I have a feeling you should have some commented out env vars right in the main flake.nix ... useability.

Right, the primary one’s I would see people using is CUDA_VISIBLE_DEVICES HIP_VISIBLE_DEVICES and of course HSA_OVERRIDE_GFX_VERSION

view this post on Zulip Shivaraj B H (Apr 04 2024 at 11:36):

What you got now is more what I expected

I investigated as to why the performance was poor earlier. Turns out, my GPU was not running in performance mode earlier.

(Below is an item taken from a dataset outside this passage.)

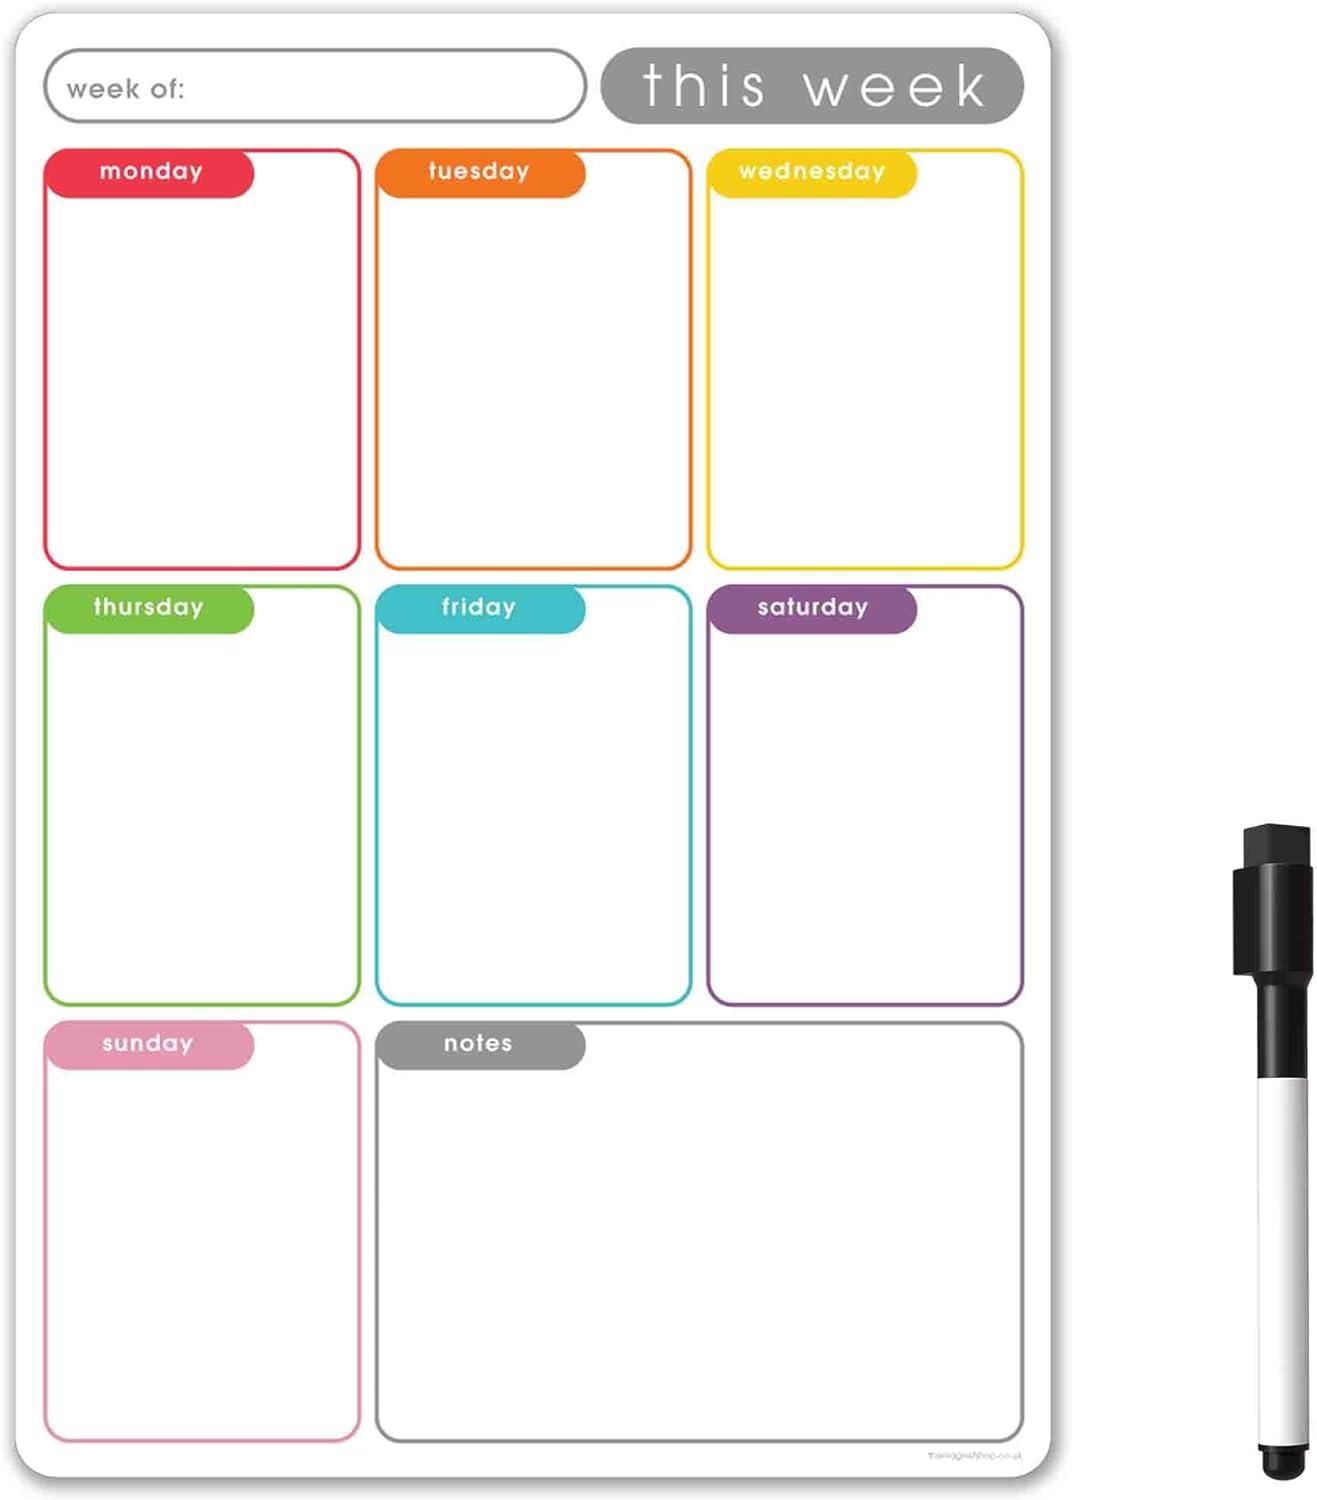 tms a4 magnetic weekly planner dry wipe fridge calendar whiteboard for organising daily tasks  ‎the magnet

view this post on Zulip Shivaraj B H (Apr 04 2024 at 11:39):

Andreas said:

Next thing I'd do for usability is add a catered list of models that are commented out by default (because let's be honest llama2-7b is not the more talkative buddy) and document that a bit. So users can choose what they want.

Along with that I should also document how to override cudaPackages or rocmPackages to match the one’s installed on the system.

What I tend to do is nix run github:shivaraj-bh/ollama-flake#cuda —override-input nixpkgs flake:nixpkgs. In my configuration, I have the registry flake:nixpkgs pinned to the same nixpkgs I use to install nvidia drivers for, so it should work out of the box. I will add this is as a possible solution.

view this post on Zulip Shivaraj B H (Apr 04 2024 at 11:41):

If they are on a non-nixos machine, then they will have to manually get the version of the drivers installed and use the compatible cudaPackages or rocmPackages

view this post on Zulip Andreas (Apr 04 2024 at 11:46):

Yes, all that sounds quite good. There is also ROCR_VISIBLE_DEVICES for GPU isolation.

view this post on Zulip Shivaraj B H (Apr 04 2024 at 11:51):

I believe it is HIP_VISIBLE_DEVICES, I don’t see ROCR_VISIBLE_DEVICES in ollama docs: https://github.com/ollama/ollama/blob/9768e2dc7574c36608bb04ac39a3b79e639a837f/docs/gpu.md?plain=1#L88-L93

view this post on Zulip Andreas (Apr 04 2024 at 11:53):

yeah maybe that one doesn't do much in our context.

AMD's docs are here for once: https://rocm.docs.amd.com/en/latest/conceptual/gpu-isolation.html

(At least they have some in this case)

view this post on Zulip Shivaraj B H (Apr 04 2024 at 11:56):

Gotcha, will add that too!

view this post on Zulip Andreas (Apr 04 2024 at 11:57):

funny thing is, that according to CUDA_VISIBLE_DEVICES has the same effect as HIP_VISIBLE_DEVICES for compatibility reasons

view this post on Zulip Andreas (Apr 04 2024 at 12:19):

once you make another commit, I will test this again and see which flag does what in practice. You never know.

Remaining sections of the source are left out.